Henry Griffith, policy and campaigns officer at Propertymark, said at the time that these proposals would “help lead to greater confidence in the buying and selling of property in high-rise buildings.”

Responding to the amendment on Monday evening, Baroness Scott of Bybrook, who is Parliamentary Under-Secretary of State in the Department for Levelling Up, Housing and Communities, said the views of the independent experts are that “there is no systematic risk” in buildings under 11 metres.

She added: “However, we continue to look at these on a case-by-case basis and provide any help to those leaseholders accordingly.”

Baroness Scott highlighted that the Government has established a building safety levy and said the “recovery strategy unit is litigating against large freeholders.”

The amendment was withdrawn amid time issues but Lord Lytton said he was disappointed.

Speaking in the House of Lords, he said: “The fact of the matter is that a very large number of flats are excluded.

“There is no prospect of any early protection from costs that their owners are not responsible for. Litigation against freeholders is all very well, provided that the freeholders were those who were responsible for the problem in the first place. 

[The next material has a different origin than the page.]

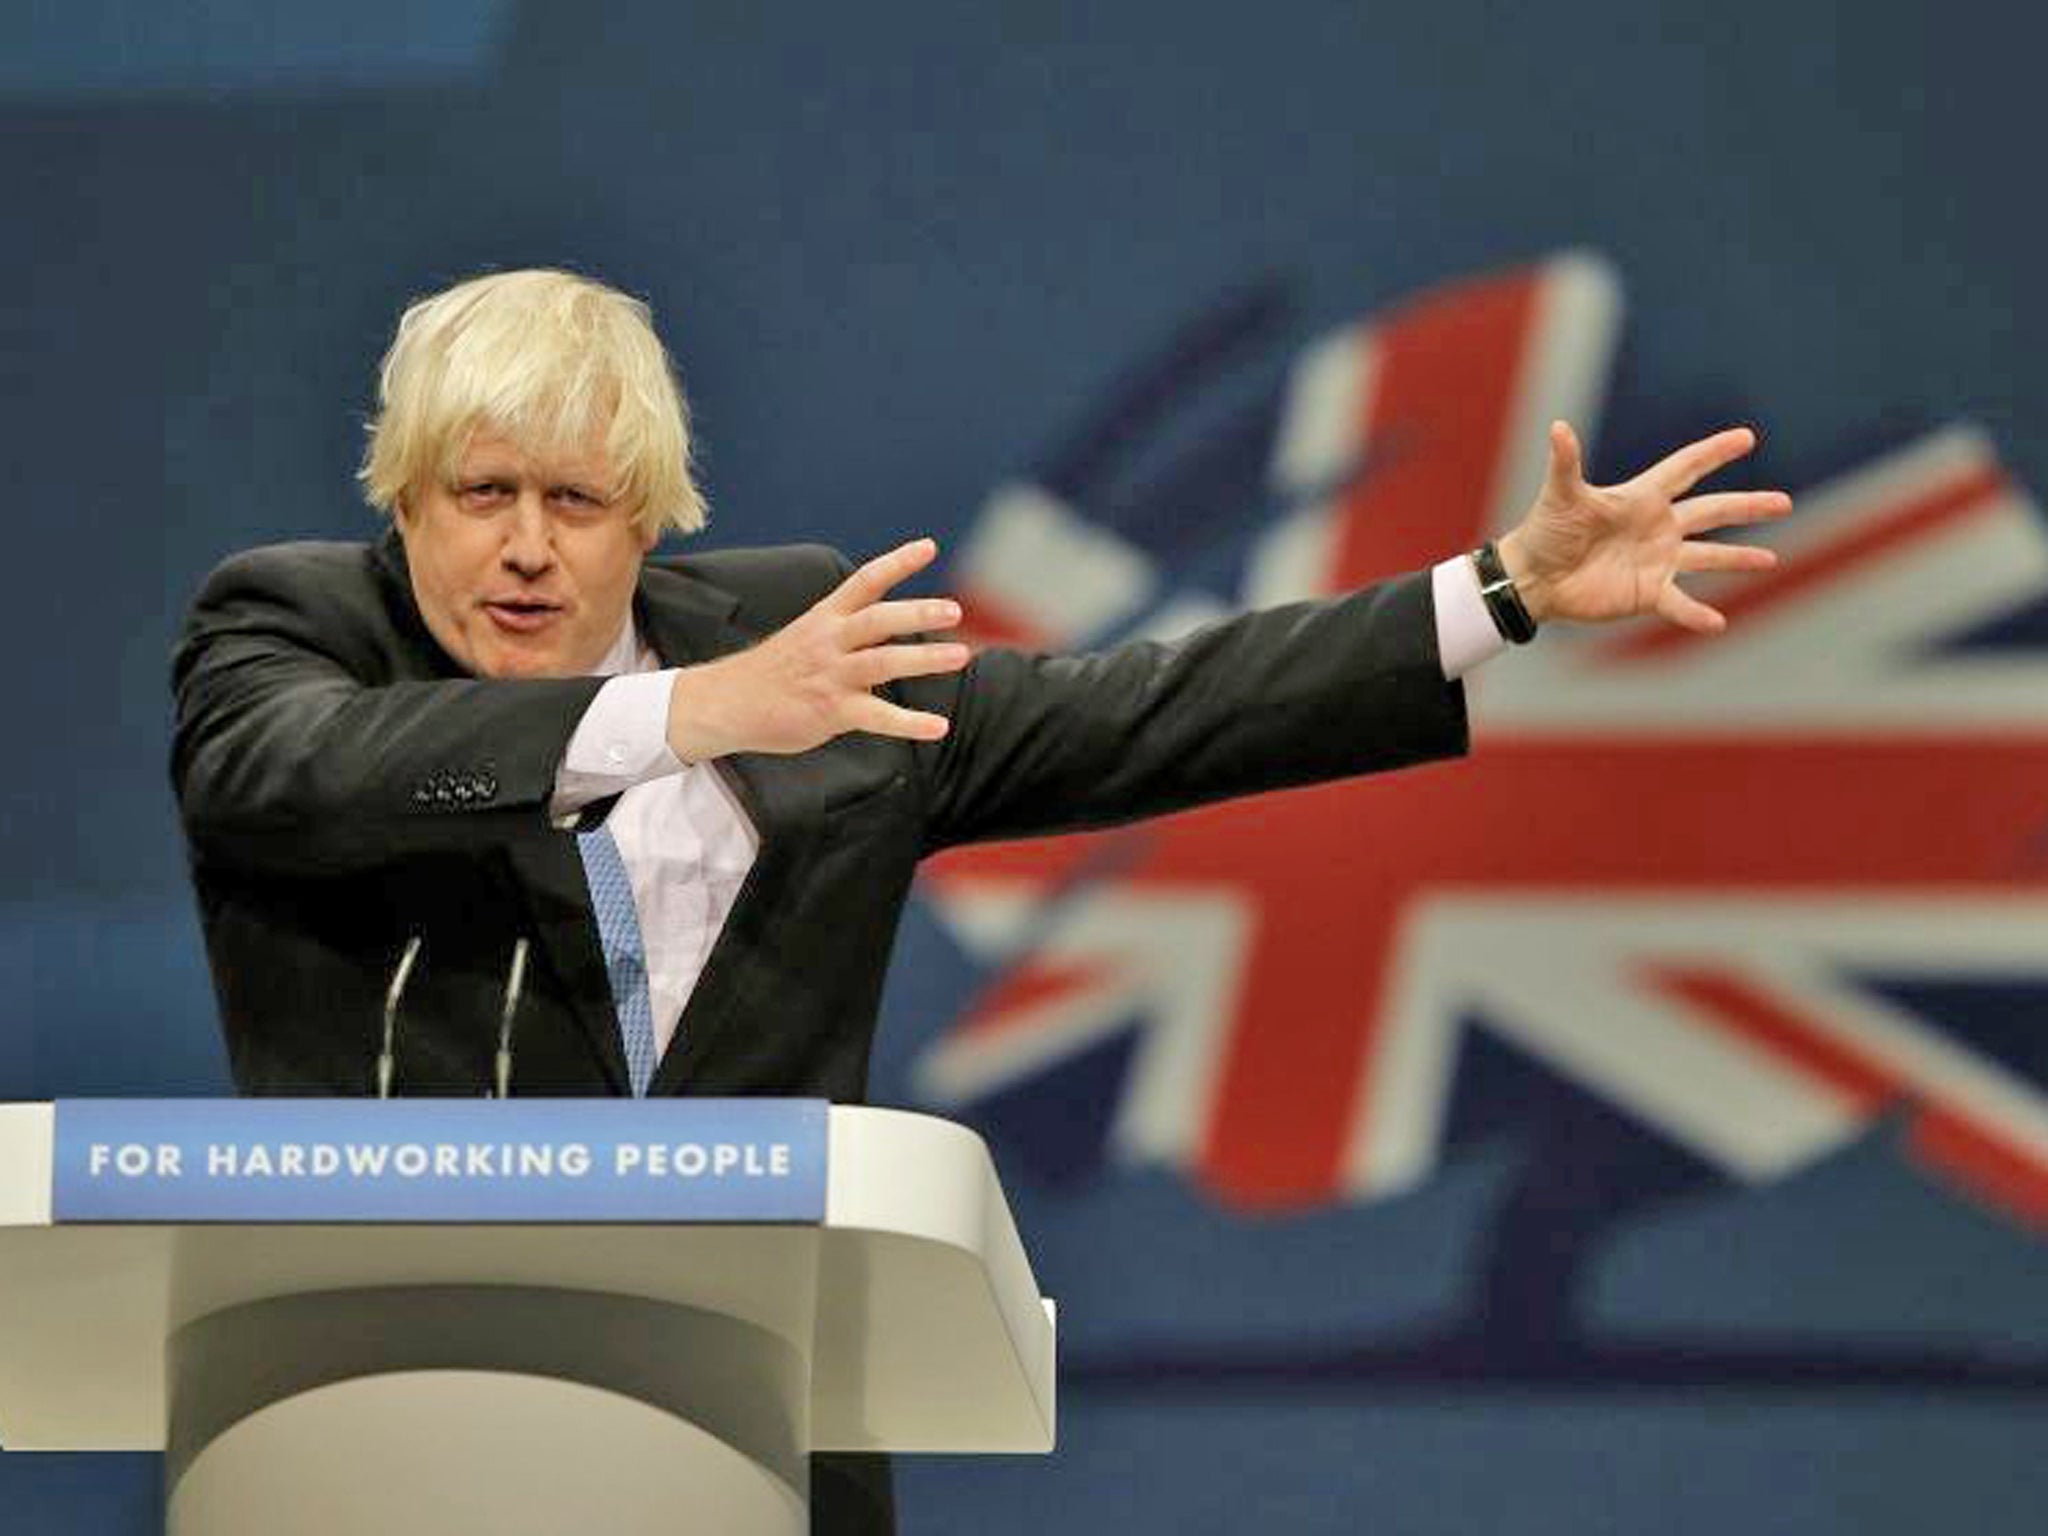 Boris delivered a broadly loyal address

“But if they are not, because they just happen to be from a pension fund that picked it up along the way, no doubt relying on the same sign-off and building warranties as all the occupiers, then I have to say that this looks like the Government plucking at low-hanging fruit for the purposes of PR and marketing. 

“I am sorry, but I do not buy the principle that letting others off the hook should necessitate going after people who may themselves be, beyond peradventure, innocent.”